Reimagining South Asian Portraiture

Image from Notes from Your Past, photographed by Simrah Farrukh

Image from Notes from Your Past, photographed by Simrah Farrukh

Interview By Ayat Al-Muhaisen

Reva Bhatt (@hybridhues) is a Creative Director and Stylist based in New York whose work focuses on disrupting monolithic narratives and decolonising the gaze through multi-disciplinary storytelling. Inspired by her hyphenated South Asian-American identity, she experiments with the way visual culture can educate, shape & express the world around us.

Her newest project, Notes from Your Past, aims to reimagine portraits that document contemporary South Asian femininity and specifically diaspora identity through the eyes of South Asian womxn for future generations. In collaboration with photographer Simrah Farrukh (@simrahfarrukh), the work blends photography and painting formats as an ode to archival South Asian portraiture. The artists hope this to be the first iteration of an ongoing series of portraits that lead towards deeper inquires into gender debates, the complex relationship between natives and colonialism, or our conceptualisation of the past. 

As part of AZEEMA’s Diwali series, I had the chance to ask Reva and Simrah some questions about their work.

What is the project about and who is its intended audience?

Reva: Notes from Your Past is a project that aims to reimagine portraits that document contemporary South Asian femininity and specifically diaspora identity through the eyes of South Asian womxn for future generations. In collaboration with photographer Simrah Farrukh, we blended photography and painting formats as an ode to archival South Asian portraiture. We hope this is the first of an ongoing series of portraits that serve as socio-historical documents and as notes of interrogation leading towards deeper inquiries into gender debates, the complex relationship between natives and colonialism, or our conceptualisation of the past. 

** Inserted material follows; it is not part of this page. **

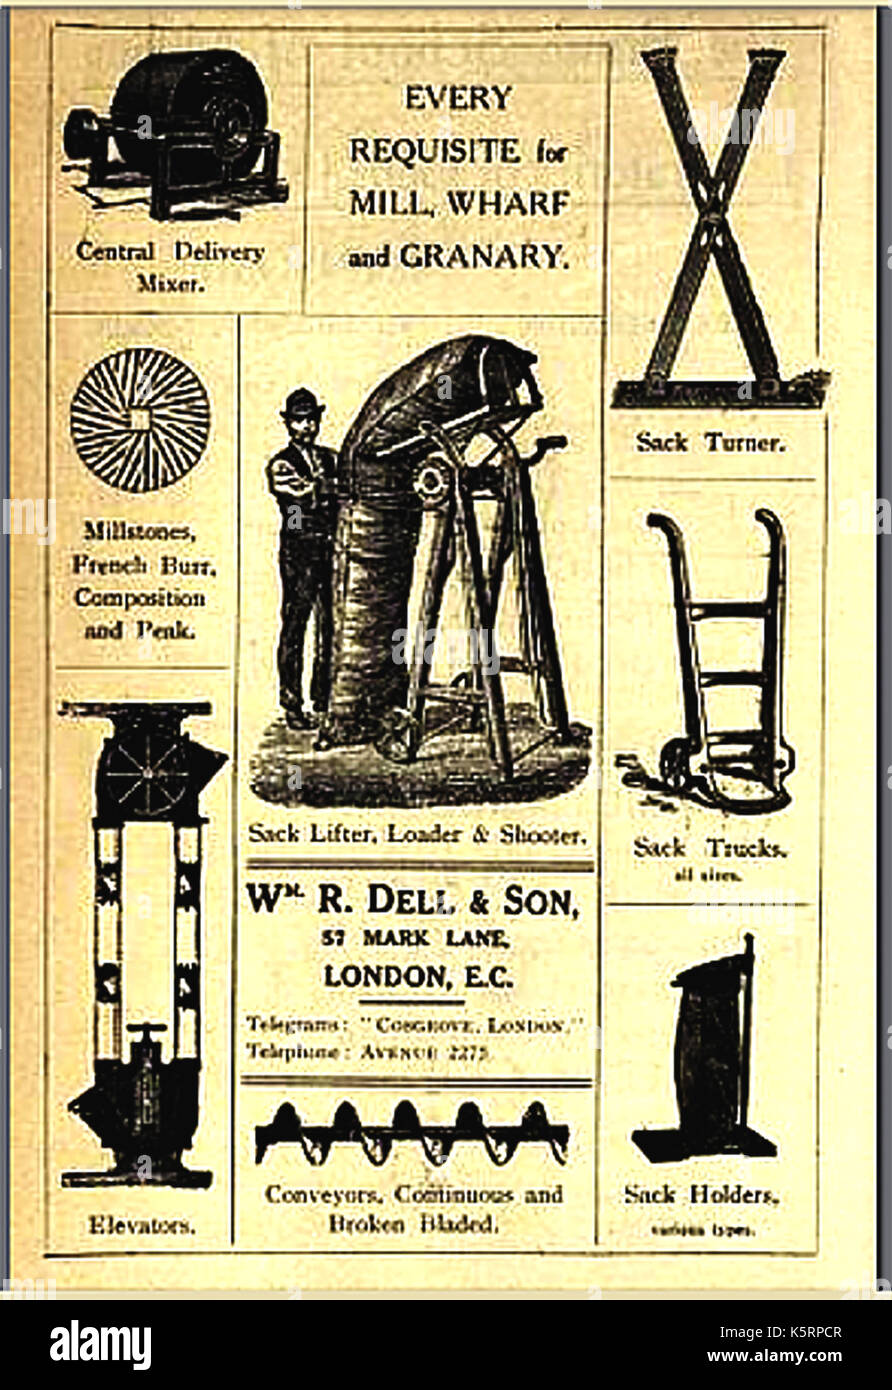 A page from an old millers catalogue of requisites for Mill, wharf and grain use - Central Delivery Mixer - Sack Turner -  Millstones (French burr, composition and peak) - Sack lifter, loader and shooter -  Sack Truck (sack barrow) -  Sack holder - Elevator and Conveyors. - William Dell and son, 57 Mark Lane, London. Stock Photo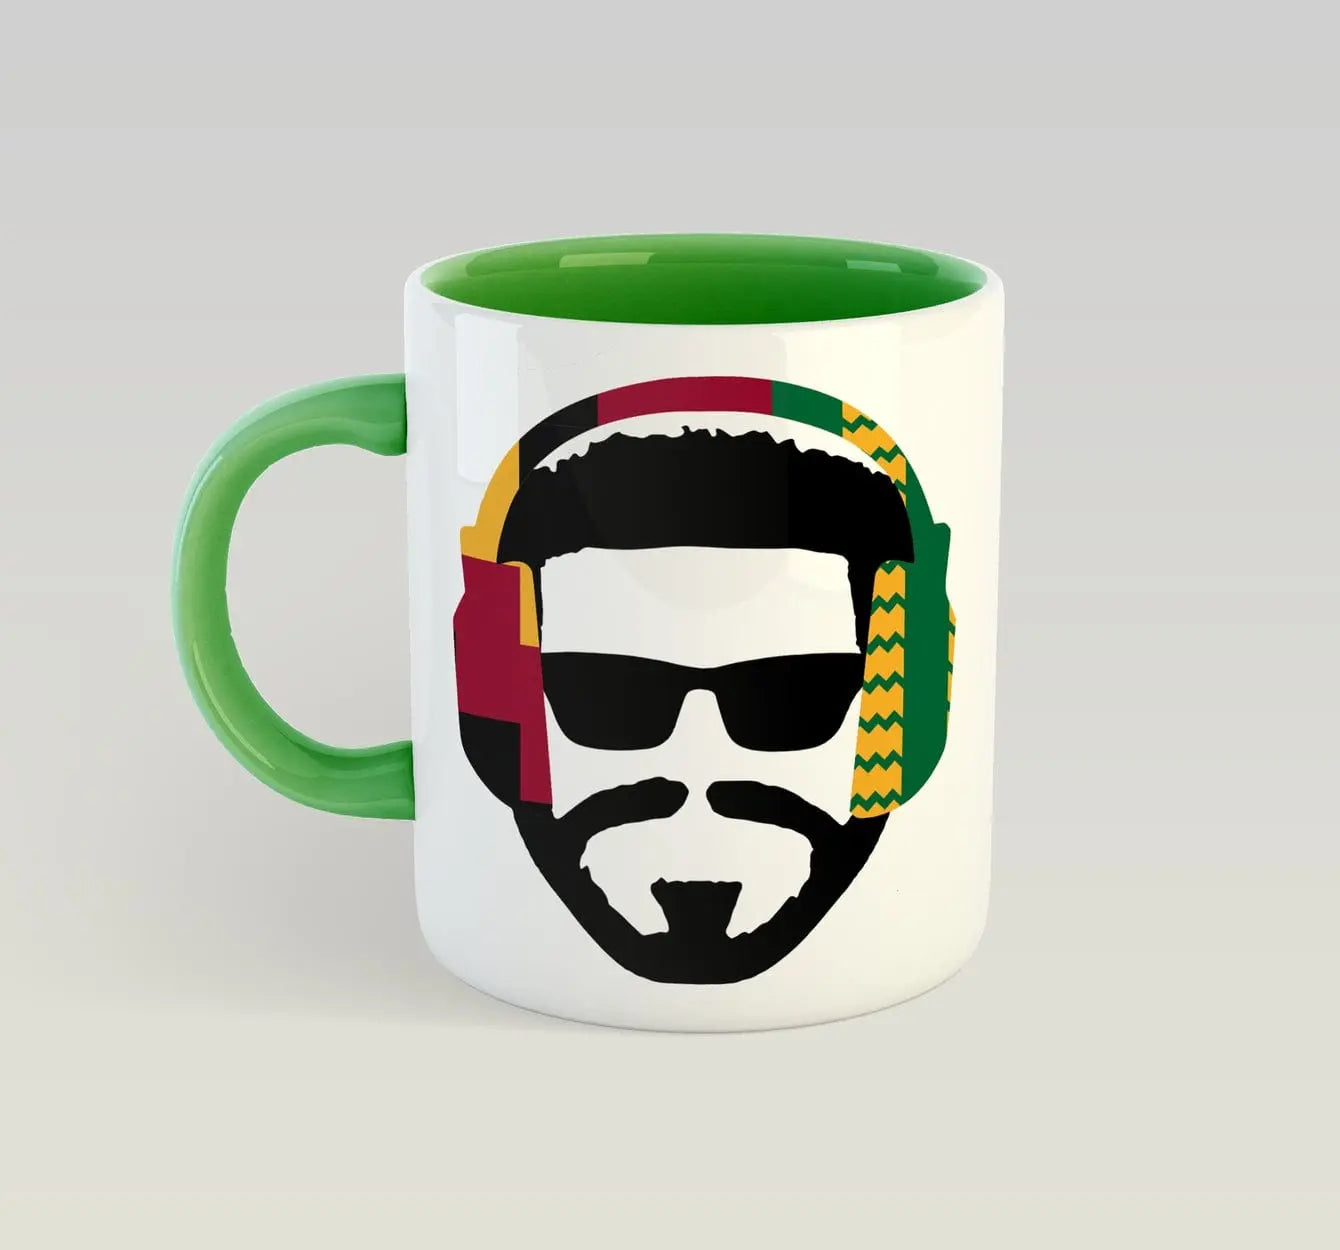 Music Man Mug by Afrotouch - Green - Migration Museum Shop

Simrah: We didn’t want this to become a part of the orientalist gaze, so the intended audience would be other South Asian womxn. It’s a continuous series, so with every new womxn we photograph, we hope for someone to see themselves in the art and know that they are honourable and valued.

Tell us a bit more about the history behind South Asian portraiture - who were the creators of these portraits, who did they feature, and who were they for? 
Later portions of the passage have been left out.